▶ [RECORDED DATA]
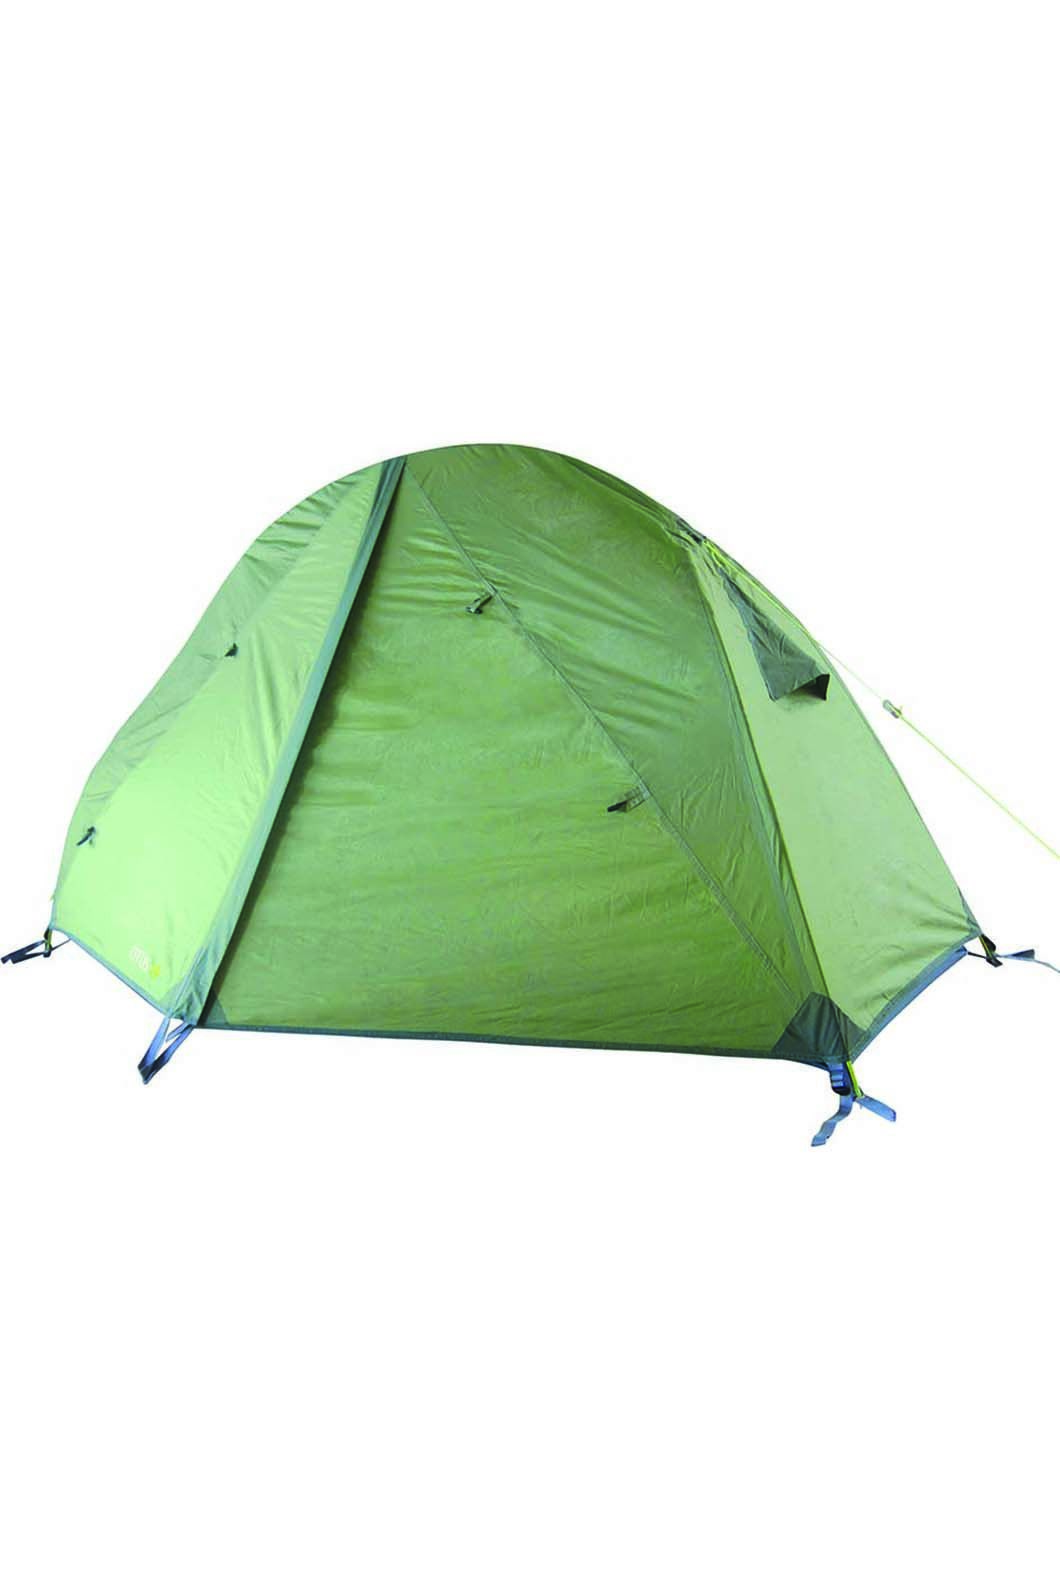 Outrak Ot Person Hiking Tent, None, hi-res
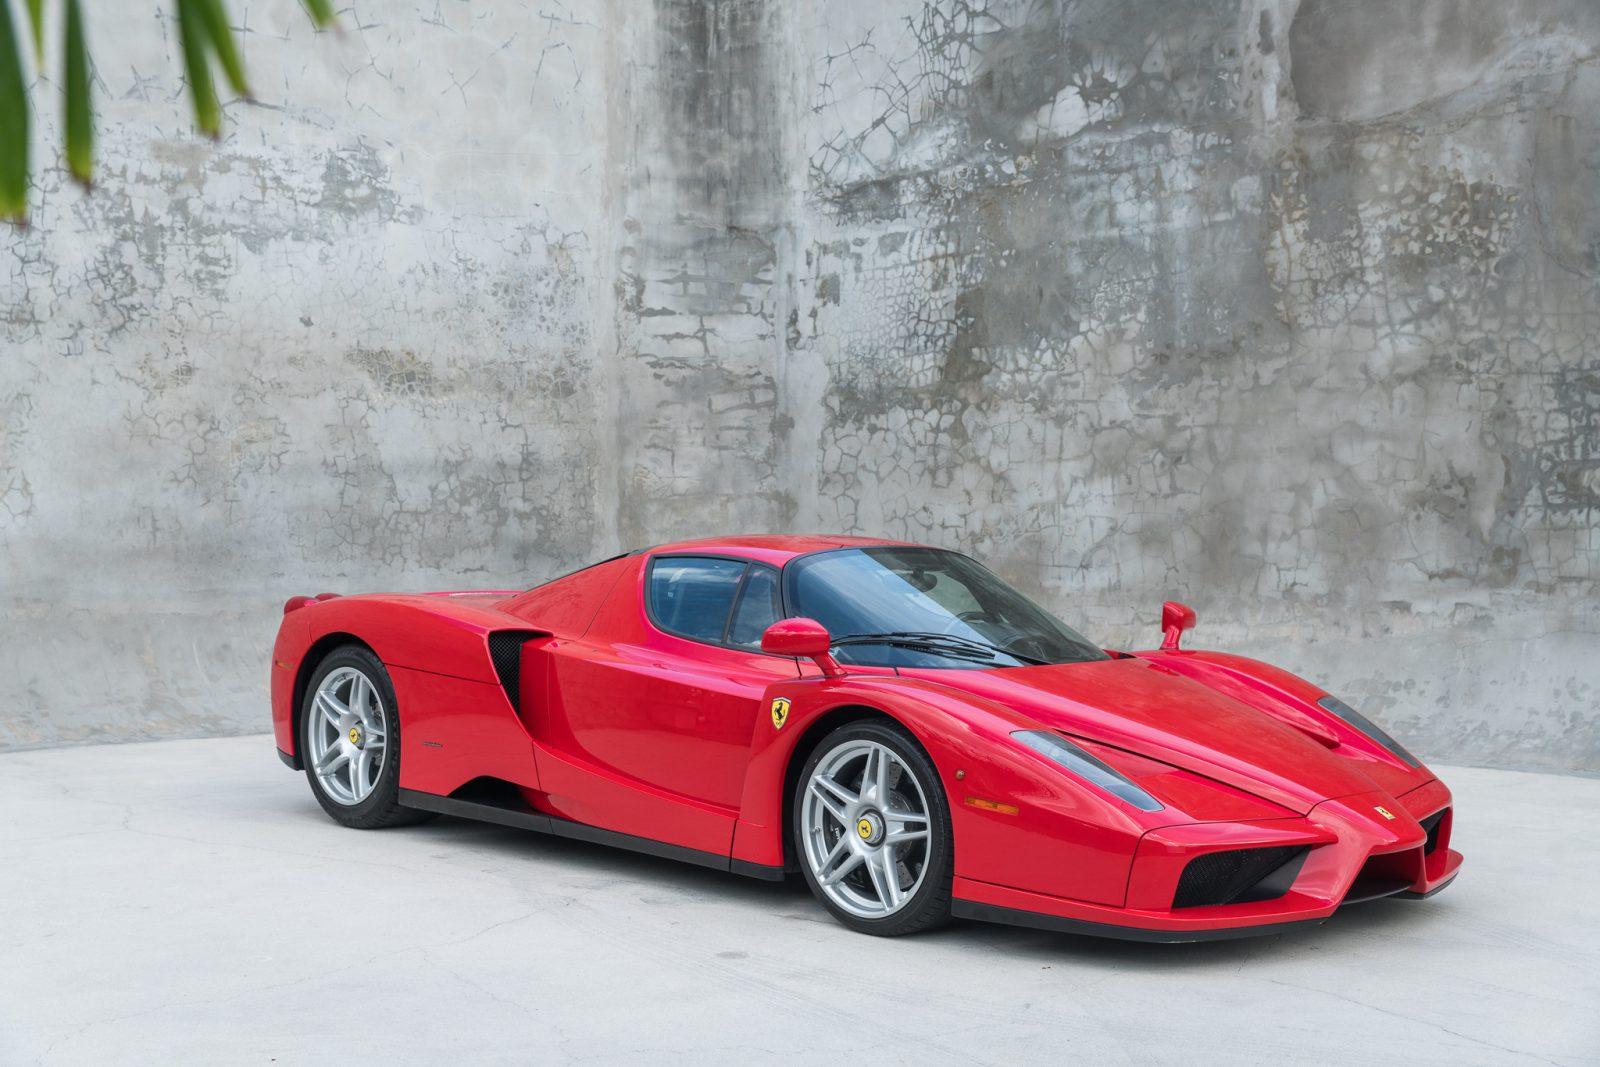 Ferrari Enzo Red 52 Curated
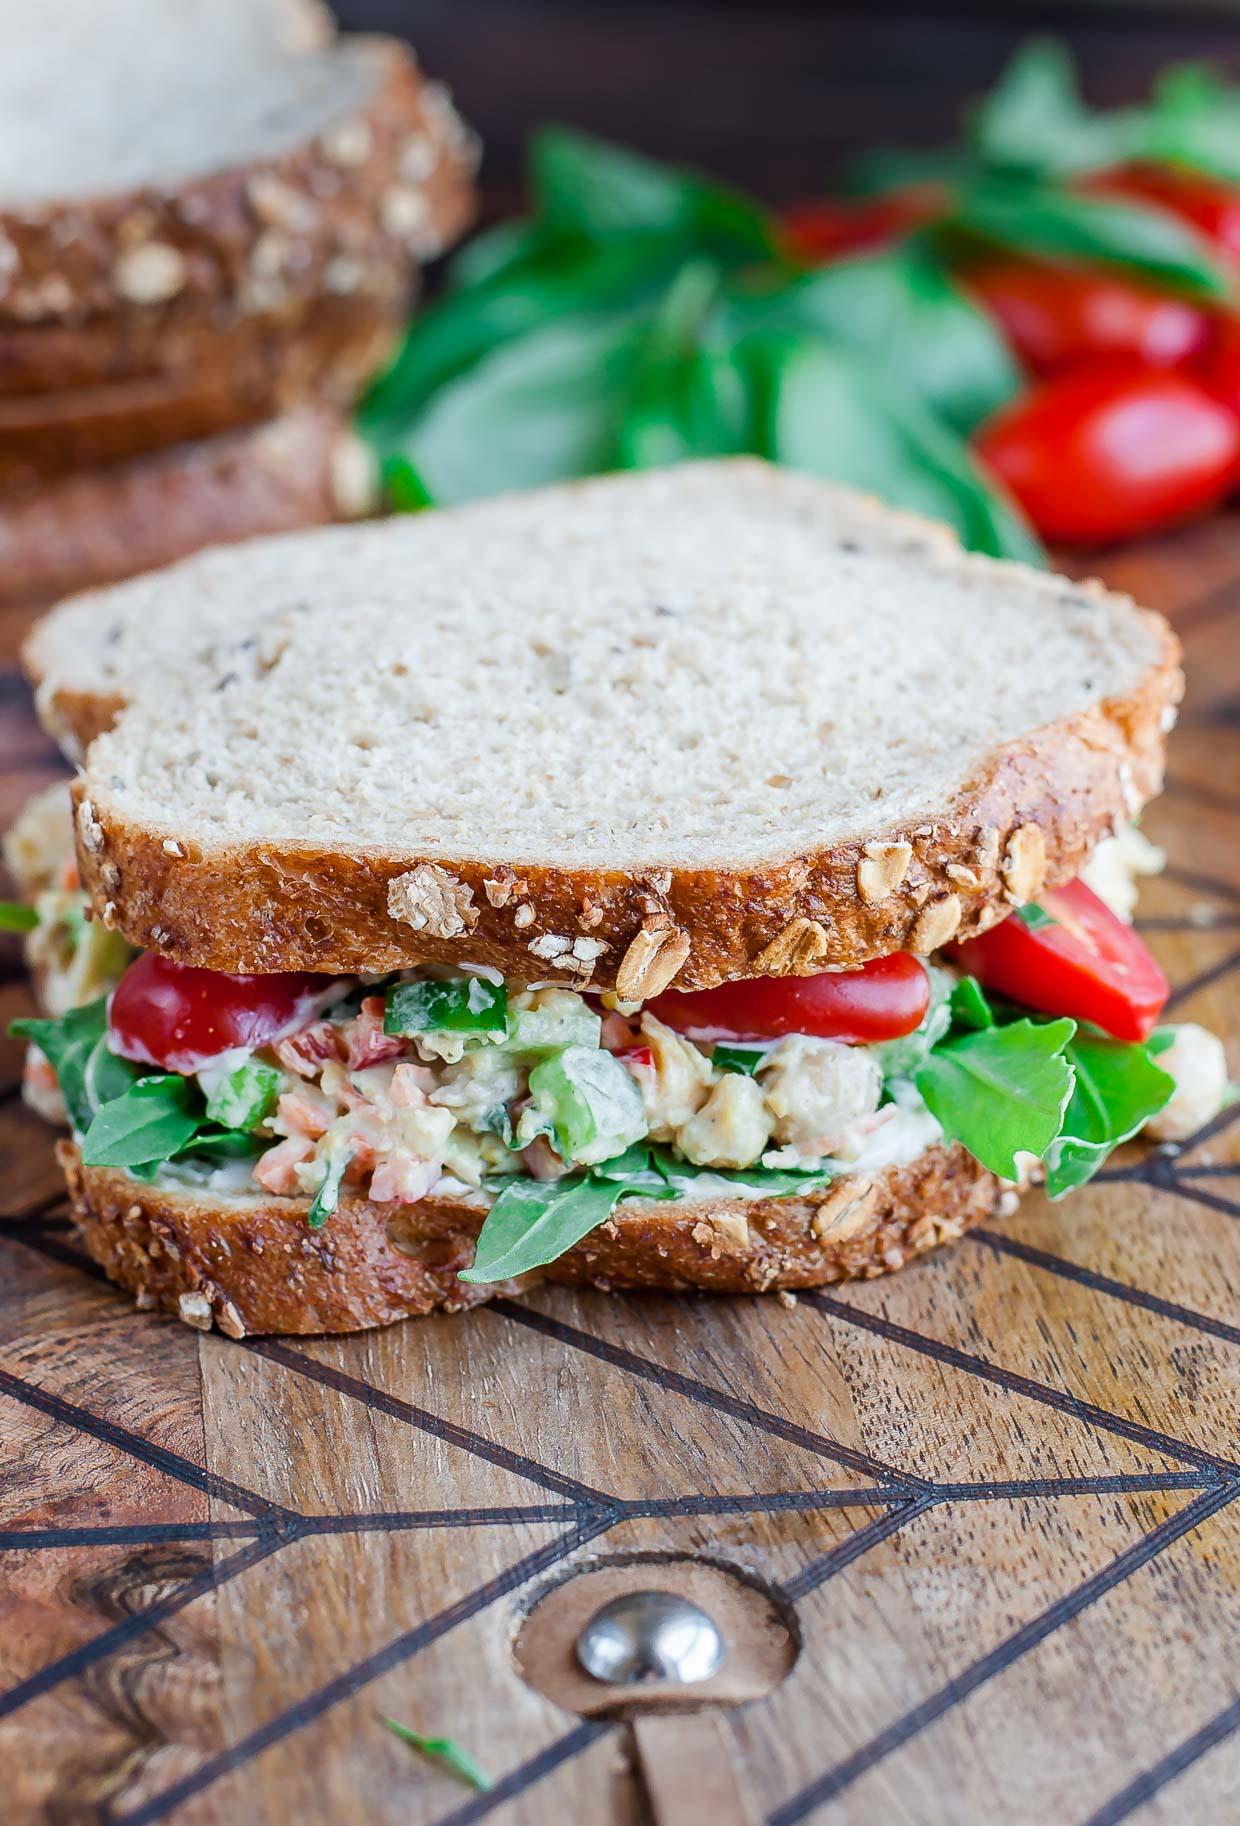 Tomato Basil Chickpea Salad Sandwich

▶ [THE TASK] Print the material word for word without images.

▶ [ANSWER TO THIS TASK]
 Outrak Ot Person Hiking Tent, None, hi-res
 Ferrari Enzo Red 52 Curated
 Tomato Basil Chickpea Salad Sandwich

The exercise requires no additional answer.